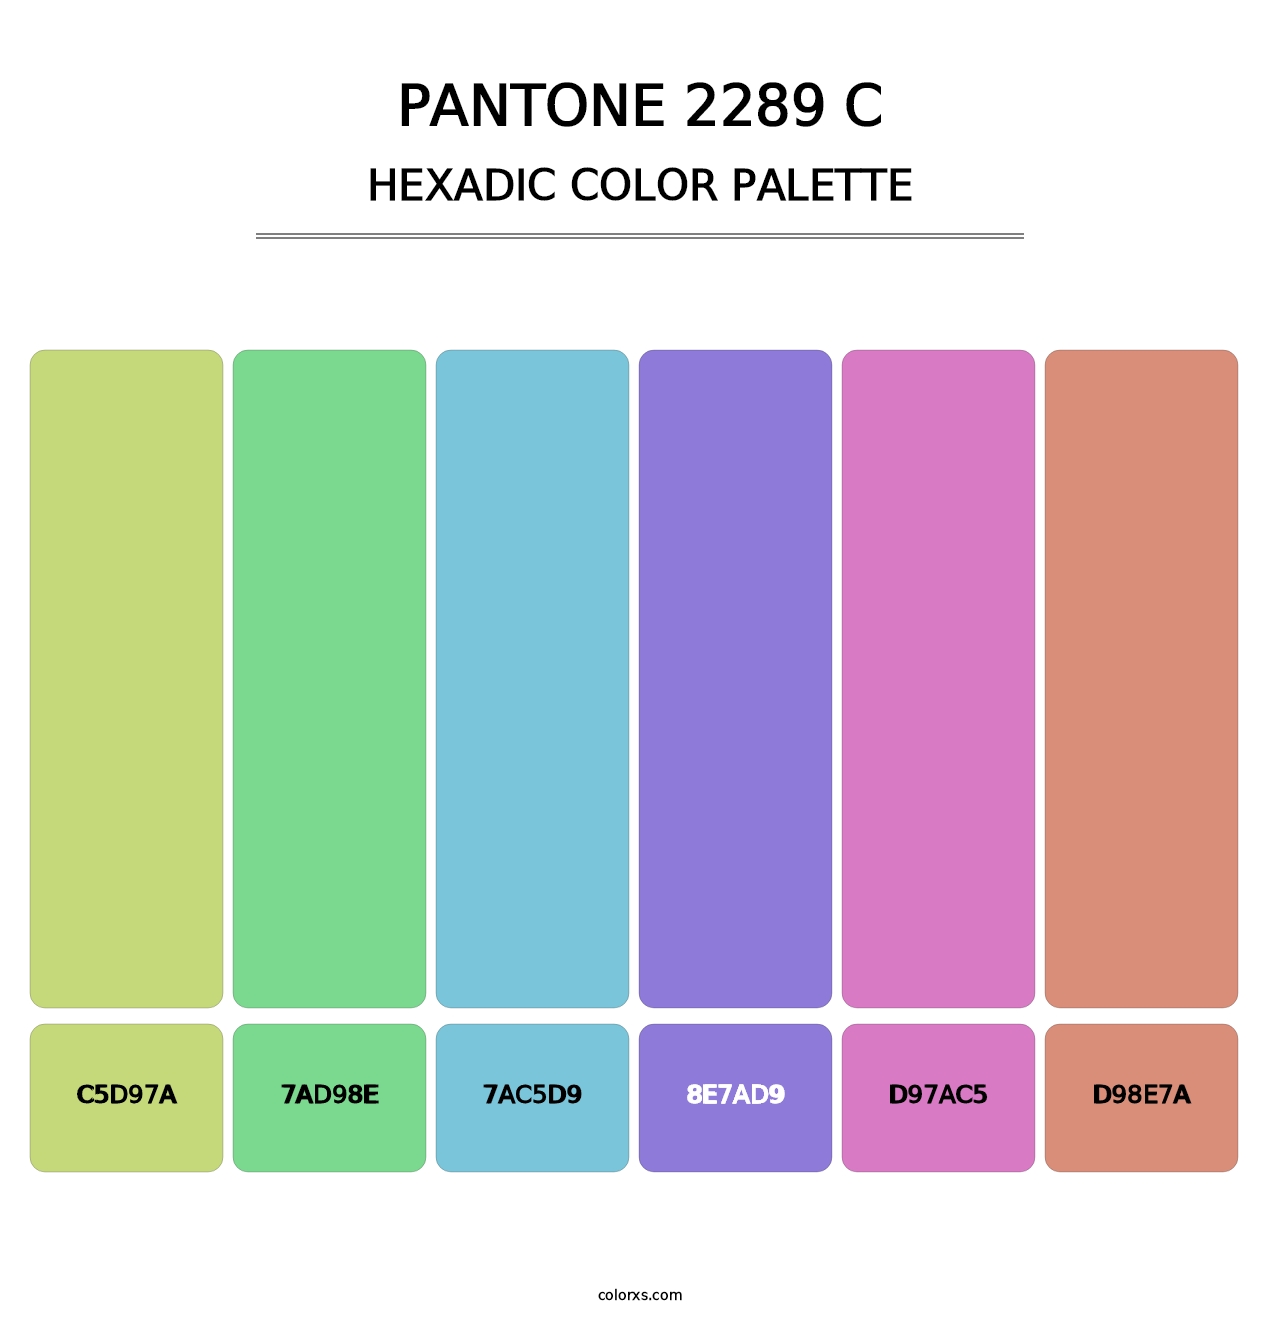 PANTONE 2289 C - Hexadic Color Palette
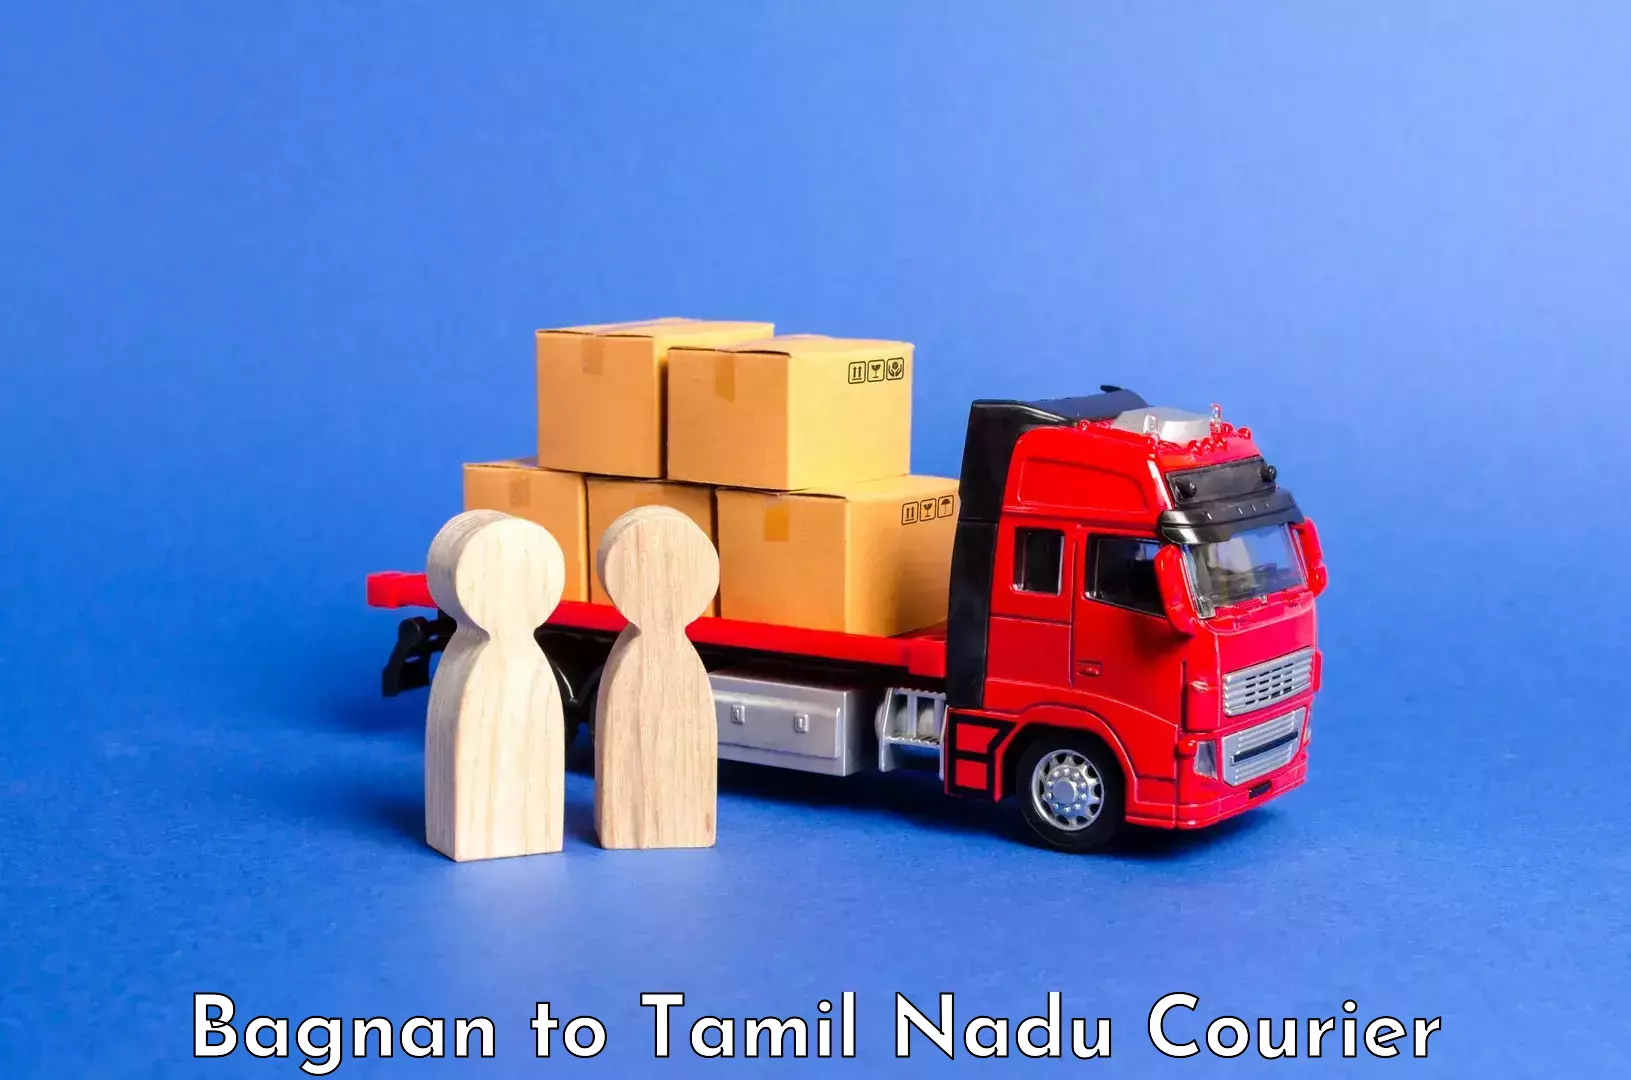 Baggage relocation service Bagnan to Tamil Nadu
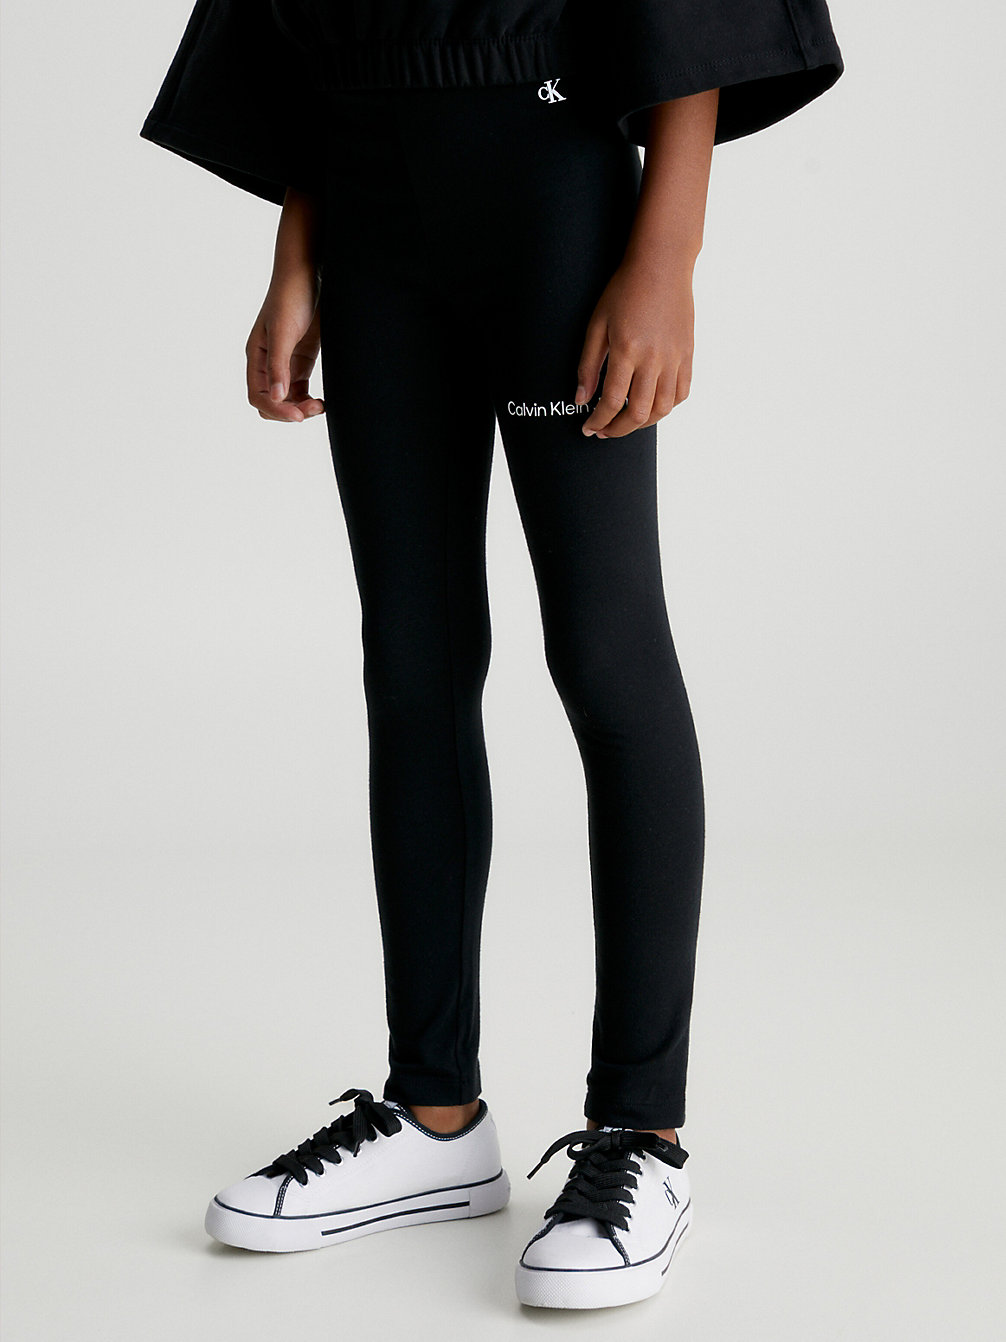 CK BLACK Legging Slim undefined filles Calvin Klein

##############################

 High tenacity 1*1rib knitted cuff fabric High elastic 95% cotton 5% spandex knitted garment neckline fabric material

##############################

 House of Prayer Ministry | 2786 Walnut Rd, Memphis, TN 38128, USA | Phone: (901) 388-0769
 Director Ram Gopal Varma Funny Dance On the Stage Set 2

##############################

Pictures in the entries do not go into the copy. Print only the lines starting at the one containing "PANTONE 2289 C - Hexadic Color Palette" and ending at the one containing "CK BLACK Legging", exactly as they appear.

 PANTONE 2289 C - Hexadic Color Palette
 Baggage relocation service Bagnan to Tamil Nadu
 CK BLACK Legging Slim undefined filles Calvin Klein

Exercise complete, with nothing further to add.